Work required
Pull every line holding the string "faut" from the records below.

Supplied material
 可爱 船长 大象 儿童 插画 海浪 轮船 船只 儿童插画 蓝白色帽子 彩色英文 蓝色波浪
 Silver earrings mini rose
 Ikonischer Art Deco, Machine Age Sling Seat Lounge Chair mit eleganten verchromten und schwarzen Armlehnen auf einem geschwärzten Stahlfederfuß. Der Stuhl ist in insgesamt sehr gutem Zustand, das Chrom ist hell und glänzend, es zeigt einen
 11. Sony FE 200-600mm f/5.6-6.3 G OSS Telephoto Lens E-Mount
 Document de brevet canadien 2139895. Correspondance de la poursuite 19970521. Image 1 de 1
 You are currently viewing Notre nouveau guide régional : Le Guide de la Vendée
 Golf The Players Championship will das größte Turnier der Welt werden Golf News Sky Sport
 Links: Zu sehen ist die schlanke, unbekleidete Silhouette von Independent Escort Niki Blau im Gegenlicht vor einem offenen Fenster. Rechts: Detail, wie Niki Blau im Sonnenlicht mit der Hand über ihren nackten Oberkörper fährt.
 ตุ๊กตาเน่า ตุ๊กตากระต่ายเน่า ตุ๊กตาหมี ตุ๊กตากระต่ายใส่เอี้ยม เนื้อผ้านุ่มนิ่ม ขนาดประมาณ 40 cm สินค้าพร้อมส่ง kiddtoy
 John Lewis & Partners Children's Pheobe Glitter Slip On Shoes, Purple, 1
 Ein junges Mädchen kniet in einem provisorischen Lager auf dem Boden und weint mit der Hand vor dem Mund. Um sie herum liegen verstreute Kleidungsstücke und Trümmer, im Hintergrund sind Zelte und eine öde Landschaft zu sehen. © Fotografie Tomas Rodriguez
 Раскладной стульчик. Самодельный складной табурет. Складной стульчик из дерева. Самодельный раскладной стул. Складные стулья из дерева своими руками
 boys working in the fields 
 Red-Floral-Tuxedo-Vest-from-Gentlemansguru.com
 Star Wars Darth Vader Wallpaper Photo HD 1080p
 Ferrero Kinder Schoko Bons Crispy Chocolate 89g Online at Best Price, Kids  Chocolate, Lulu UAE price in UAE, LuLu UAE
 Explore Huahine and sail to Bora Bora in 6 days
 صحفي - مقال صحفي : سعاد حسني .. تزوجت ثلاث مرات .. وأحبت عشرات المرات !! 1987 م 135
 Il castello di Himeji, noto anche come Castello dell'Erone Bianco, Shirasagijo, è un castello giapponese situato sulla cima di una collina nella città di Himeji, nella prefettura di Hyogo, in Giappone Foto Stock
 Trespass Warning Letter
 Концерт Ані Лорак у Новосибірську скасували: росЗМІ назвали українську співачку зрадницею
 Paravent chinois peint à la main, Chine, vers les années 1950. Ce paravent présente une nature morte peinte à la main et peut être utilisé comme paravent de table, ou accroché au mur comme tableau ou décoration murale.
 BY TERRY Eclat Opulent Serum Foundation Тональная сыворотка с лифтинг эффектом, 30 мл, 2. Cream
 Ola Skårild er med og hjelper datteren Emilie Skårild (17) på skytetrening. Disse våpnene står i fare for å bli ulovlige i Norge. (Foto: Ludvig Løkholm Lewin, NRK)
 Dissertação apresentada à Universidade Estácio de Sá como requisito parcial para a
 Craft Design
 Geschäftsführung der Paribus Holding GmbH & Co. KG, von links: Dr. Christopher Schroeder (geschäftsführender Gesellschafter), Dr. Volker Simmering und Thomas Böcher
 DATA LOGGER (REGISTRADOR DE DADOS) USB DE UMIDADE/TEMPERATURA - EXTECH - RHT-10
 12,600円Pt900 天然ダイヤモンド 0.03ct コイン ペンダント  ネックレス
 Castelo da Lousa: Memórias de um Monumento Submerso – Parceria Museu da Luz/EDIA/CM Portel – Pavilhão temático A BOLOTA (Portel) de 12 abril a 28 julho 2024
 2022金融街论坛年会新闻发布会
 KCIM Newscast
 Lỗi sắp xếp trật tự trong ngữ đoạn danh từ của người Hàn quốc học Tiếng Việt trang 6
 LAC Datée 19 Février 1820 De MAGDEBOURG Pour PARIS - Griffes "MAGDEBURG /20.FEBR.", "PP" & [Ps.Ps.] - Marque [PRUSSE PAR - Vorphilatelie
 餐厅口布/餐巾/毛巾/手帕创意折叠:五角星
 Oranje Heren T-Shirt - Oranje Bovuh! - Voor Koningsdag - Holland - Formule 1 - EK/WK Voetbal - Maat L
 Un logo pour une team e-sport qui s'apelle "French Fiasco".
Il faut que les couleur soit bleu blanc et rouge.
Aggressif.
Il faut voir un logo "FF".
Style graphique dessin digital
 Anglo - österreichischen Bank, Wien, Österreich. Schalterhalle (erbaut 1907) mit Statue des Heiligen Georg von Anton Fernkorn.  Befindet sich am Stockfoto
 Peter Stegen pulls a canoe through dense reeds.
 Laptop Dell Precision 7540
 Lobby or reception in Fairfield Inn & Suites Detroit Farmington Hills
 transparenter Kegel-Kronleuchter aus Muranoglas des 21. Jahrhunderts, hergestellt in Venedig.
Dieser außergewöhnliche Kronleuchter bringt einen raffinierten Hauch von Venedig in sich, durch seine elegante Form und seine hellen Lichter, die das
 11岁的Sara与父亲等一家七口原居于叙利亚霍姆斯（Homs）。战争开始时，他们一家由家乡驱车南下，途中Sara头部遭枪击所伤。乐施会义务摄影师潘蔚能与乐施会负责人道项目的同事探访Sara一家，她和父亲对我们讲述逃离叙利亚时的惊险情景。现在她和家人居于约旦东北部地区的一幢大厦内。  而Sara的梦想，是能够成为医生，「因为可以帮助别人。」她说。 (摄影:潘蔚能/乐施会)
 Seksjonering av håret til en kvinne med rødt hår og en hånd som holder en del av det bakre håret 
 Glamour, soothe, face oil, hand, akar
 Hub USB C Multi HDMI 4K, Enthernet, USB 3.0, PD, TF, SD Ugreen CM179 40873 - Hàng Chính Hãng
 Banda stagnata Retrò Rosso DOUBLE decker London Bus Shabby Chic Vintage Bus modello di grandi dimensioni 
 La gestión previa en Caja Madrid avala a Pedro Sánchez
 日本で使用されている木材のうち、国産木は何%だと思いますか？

Answer box
Il faut que les couleur soit bleu blanc et rouge.
Il faut voir un logo "FF".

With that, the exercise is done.